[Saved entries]
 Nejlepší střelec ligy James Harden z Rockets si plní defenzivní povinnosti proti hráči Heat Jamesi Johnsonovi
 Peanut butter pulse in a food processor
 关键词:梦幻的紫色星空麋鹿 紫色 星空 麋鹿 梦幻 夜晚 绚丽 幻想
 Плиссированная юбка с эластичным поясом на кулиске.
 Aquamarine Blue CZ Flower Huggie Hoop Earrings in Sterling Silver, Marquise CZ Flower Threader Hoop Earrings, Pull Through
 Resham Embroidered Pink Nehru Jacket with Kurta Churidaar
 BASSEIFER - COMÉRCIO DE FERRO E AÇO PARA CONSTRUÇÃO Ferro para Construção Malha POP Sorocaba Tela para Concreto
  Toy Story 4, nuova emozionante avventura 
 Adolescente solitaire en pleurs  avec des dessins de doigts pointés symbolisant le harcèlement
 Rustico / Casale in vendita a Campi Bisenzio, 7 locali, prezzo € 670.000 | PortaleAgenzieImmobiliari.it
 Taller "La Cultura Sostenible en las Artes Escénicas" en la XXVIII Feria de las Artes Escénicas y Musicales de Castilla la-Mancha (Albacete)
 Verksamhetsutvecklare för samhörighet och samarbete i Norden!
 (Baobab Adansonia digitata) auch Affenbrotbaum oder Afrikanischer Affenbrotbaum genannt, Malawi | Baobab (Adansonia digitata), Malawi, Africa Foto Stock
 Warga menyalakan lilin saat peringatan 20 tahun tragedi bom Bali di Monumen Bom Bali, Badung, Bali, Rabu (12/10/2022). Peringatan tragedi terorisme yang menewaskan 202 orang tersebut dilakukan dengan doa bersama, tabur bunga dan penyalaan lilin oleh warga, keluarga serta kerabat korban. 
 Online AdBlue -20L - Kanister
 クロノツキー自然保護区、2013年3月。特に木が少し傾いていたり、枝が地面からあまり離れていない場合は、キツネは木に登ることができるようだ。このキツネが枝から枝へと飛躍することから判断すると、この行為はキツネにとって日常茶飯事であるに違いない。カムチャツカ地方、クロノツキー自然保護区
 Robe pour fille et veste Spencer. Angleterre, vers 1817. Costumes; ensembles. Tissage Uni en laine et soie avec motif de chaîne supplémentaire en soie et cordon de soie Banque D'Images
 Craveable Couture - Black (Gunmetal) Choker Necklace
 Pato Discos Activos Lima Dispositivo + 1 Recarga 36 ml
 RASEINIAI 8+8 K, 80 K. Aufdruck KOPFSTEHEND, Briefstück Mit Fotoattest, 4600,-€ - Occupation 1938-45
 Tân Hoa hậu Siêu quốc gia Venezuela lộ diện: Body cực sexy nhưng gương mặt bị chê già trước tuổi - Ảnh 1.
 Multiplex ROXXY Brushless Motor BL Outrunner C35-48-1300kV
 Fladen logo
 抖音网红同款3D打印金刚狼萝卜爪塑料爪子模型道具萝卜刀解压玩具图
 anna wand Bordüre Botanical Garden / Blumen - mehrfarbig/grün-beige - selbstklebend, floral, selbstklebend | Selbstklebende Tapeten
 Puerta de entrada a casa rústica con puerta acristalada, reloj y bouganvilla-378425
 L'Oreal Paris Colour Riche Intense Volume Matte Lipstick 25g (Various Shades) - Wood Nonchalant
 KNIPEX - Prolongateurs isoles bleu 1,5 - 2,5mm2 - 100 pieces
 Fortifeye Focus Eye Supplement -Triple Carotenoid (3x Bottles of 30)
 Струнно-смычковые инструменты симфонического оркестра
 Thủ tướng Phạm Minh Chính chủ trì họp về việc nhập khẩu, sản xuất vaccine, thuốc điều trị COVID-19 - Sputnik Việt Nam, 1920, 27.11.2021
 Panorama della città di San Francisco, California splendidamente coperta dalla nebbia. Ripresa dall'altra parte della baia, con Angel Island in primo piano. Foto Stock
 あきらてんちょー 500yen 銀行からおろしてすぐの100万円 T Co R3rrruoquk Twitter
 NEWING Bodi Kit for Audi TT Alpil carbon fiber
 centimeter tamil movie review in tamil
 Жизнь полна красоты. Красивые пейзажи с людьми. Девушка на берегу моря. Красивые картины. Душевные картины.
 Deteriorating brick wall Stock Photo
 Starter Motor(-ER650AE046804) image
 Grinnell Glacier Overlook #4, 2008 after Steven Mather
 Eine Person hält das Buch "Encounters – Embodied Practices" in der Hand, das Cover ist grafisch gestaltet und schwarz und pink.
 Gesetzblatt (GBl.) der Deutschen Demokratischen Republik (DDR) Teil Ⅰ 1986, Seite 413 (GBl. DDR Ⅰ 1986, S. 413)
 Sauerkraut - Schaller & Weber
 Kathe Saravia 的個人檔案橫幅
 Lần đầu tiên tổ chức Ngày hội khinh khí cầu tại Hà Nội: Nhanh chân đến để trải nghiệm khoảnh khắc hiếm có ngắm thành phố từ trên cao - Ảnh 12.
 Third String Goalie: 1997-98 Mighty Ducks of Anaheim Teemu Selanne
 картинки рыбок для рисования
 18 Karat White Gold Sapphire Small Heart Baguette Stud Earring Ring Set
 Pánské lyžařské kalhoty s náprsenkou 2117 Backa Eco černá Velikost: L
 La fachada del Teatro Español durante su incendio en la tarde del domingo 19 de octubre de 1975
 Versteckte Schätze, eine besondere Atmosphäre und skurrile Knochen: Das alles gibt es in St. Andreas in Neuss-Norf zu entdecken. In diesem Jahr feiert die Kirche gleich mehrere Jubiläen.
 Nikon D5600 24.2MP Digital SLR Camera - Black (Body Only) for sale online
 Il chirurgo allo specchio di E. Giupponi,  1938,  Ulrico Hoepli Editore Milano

About this task>
Reproduce the lines of the entries above from the one with "クロノツキー自然保護区、20" to the one with "抖音网红同款3D打印金刚狼萝卜爪塑料爪子模型道具萝卜刀解压玩具图", both included, exactly and without any other line.

Problem solution>
 クロノツキー自然保護区、2013年3月。特に木が少し傾いていたり、枝が地面からあまり離れていない場合は、キツネは木に登ることができるようだ。このキツネが枝から枝へと飛躍することから判断すると、この行為はキツネにとって日常茶飯事であるに違いない。カムチャツカ地方、クロノツキー自然保護区
 Robe pour fille et veste Spencer. Angleterre, vers 1817. Costumes; ensembles. Tissage Uni en laine et soie avec motif de chaîne supplémentaire en soie et cordon de soie Banque D'Images
 Craveable Couture - Black (Gunmetal) Choker Necklace
 Pato Discos Activos Lima Dispositivo + 1 Recarga 36 ml
 RASEINIAI 8+8 K, 80 K. Aufdruck KOPFSTEHEND, Briefstück Mit Fotoattest, 4600,-€ - Occupation 1938-45
 Tân Hoa hậu Siêu quốc gia Venezuela lộ diện: Body cực sexy nhưng gương mặt bị chê già trước tuổi - Ảnh 1.
 Multiplex ROXXY Brushless Motor BL Outrunner C35-48-1300kV
 Fladen logo
 抖音网红同款3D打印金刚狼萝卜爪塑料爪子模型道具萝卜刀解压玩具图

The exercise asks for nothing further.